オペラ 『古事記』
演 出:岩田達宗
指 揮:大友直人
2011/11/23 東京文化会館大ホール
東京文化会館50周年記念公園の収録を見ました。
結論から言うと非常に危惧を感じる内容でした。
私達の知っている話自体が古事記の要約なのですが、一つのオペラにオムニバス形式で4つも詰め込んだことでダイジェストのダイジェストという体になってしまっています。
リンツ州立劇場の委嘱作品ですから日本人を対象にしていないのかもしれませんが、良く知った話を今更ダイジェストで語られてもありがたみはありません。
それもドラマツルギーが全く無くなってしまうほどの要約をゆったりのんびりした口調で語られ(歌われ)ても、その間どうしていたらいいのか何を感じ取ったらいいのかわからなくなってしまうのです。
朗々とした立派な発声で、普段から感じている能と声楽の近似性を改めて認識したのですが、良かったのはそこまでで、何百年も彫琢されてきた伝統芸能の様式美をオペラ歌手が表現できるはずもなく、もちろんクラシックの声楽家として皆さん大変立派な声ではあるけど、黛敏郎が頭に描いたであろう幽玄や荘厳は全く舞台上に立ち現れることは無かったのです。
舞台装置は非常に簡素です。
いろいろな色がギラギラと使われているのですが、目が慣れて逆にどの色も感じにくくなってしまうようです。
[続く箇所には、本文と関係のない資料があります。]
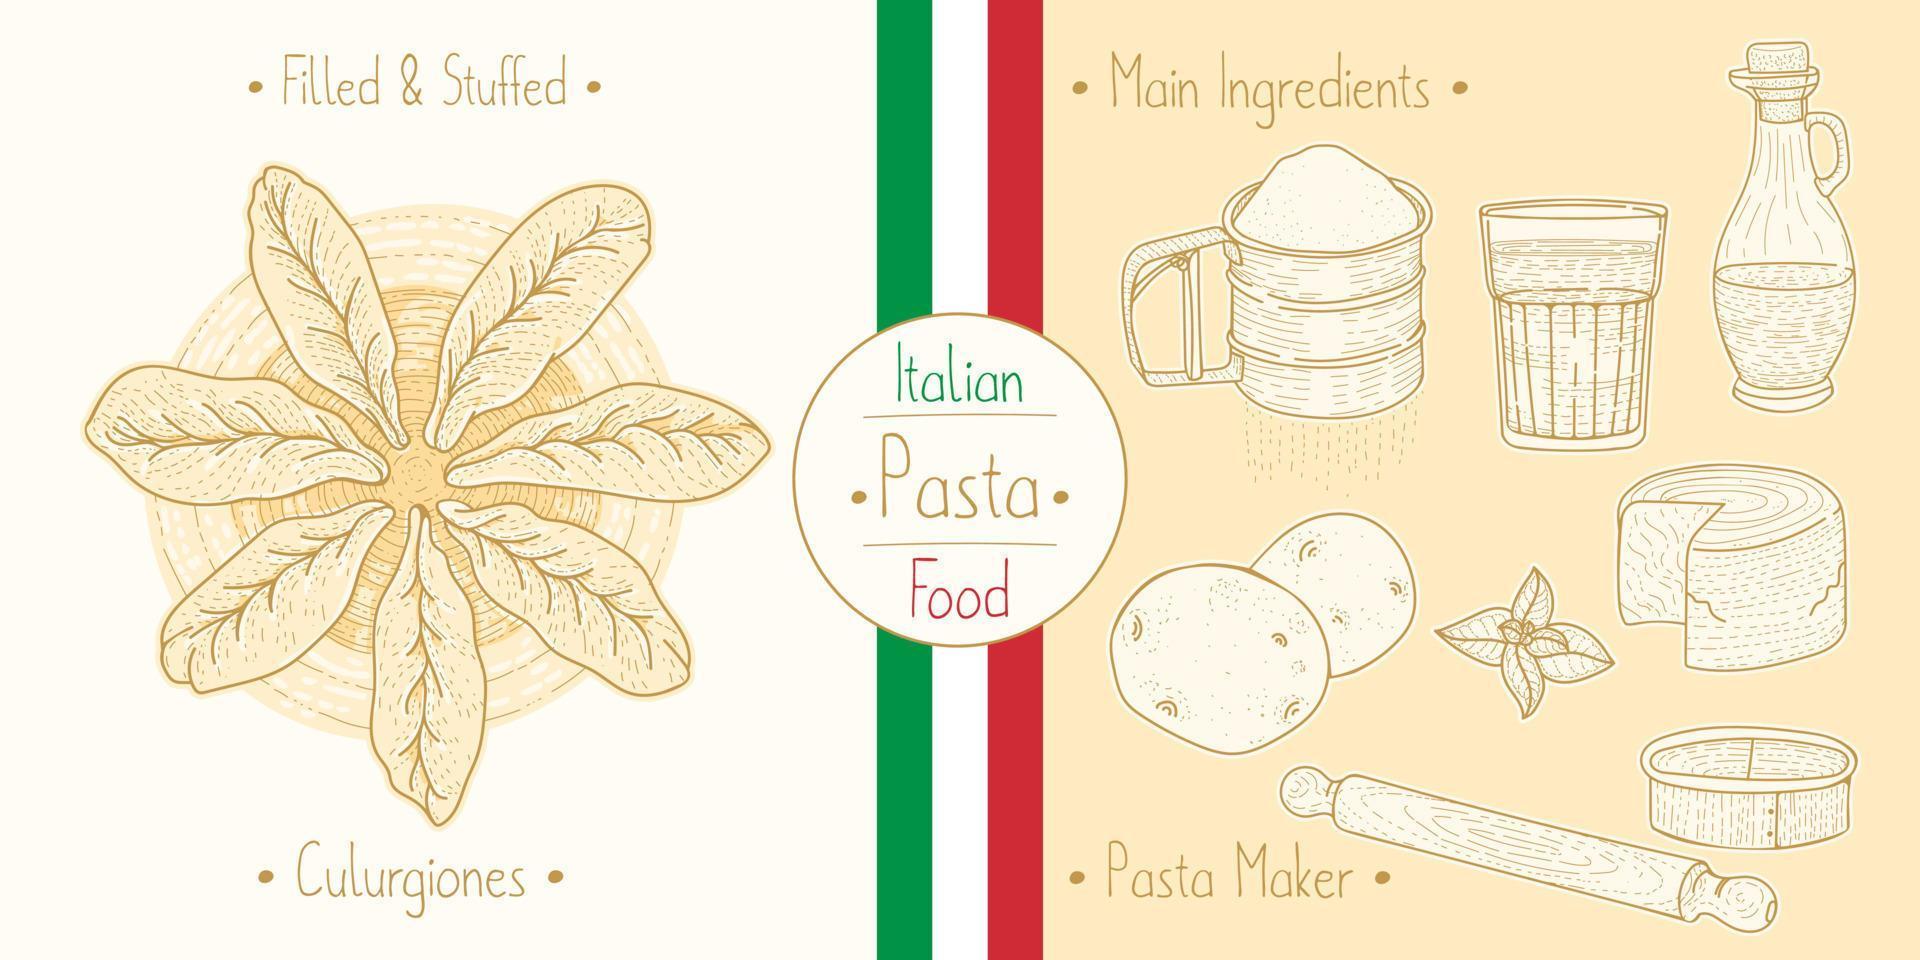 kochen italienisches essen gefüllte culugrione-nudeln mit füllung und hauptzutaten und ausrüstung für nudelhersteller, skizzieren von illustrationen im vintage-stil vektor

イザナキとイザナミの大業を為すという決意や逸る心も歩行で表現し得たことでしょう。
オペラ歌手にこのユッタリとした歩行で何かを表現するのは無理です。
天の御柱を回る前の会話は、
「私の身体には成長が足りず合わさっていない部分があります」
「私の身体には成長し過ぎた部分があります。これをあなたの合わさっていない部分に差し入れて国土を産みましょう」
という内容だったはずです。
そんな、少し滑稽に思えるほど大らかに人類最初の愛を為す場面も生々しすぎると考えたのか、セリフは無味乾燥で事務的なものに置き換えられています。
黛敏郎の音楽は今となっては聴きやすい部類に入るものですが古代の土俗性や歌謡性はなく幽玄・荘厳を目指したものです。
しかしそれはオペラの舞台様式には無いものであって全くのミスマッチと言わざるを得ません。
毒や艶を抜かれたセリフで組み立てられたドラマのないダイジェストのシナリオ。
ダイナミズムの無い舞台演出。
残念ながら私には全く見るべきところがありませんでした。
それともワーグナーのリングのようなオペラを想像したのが間違いだったでしょうか。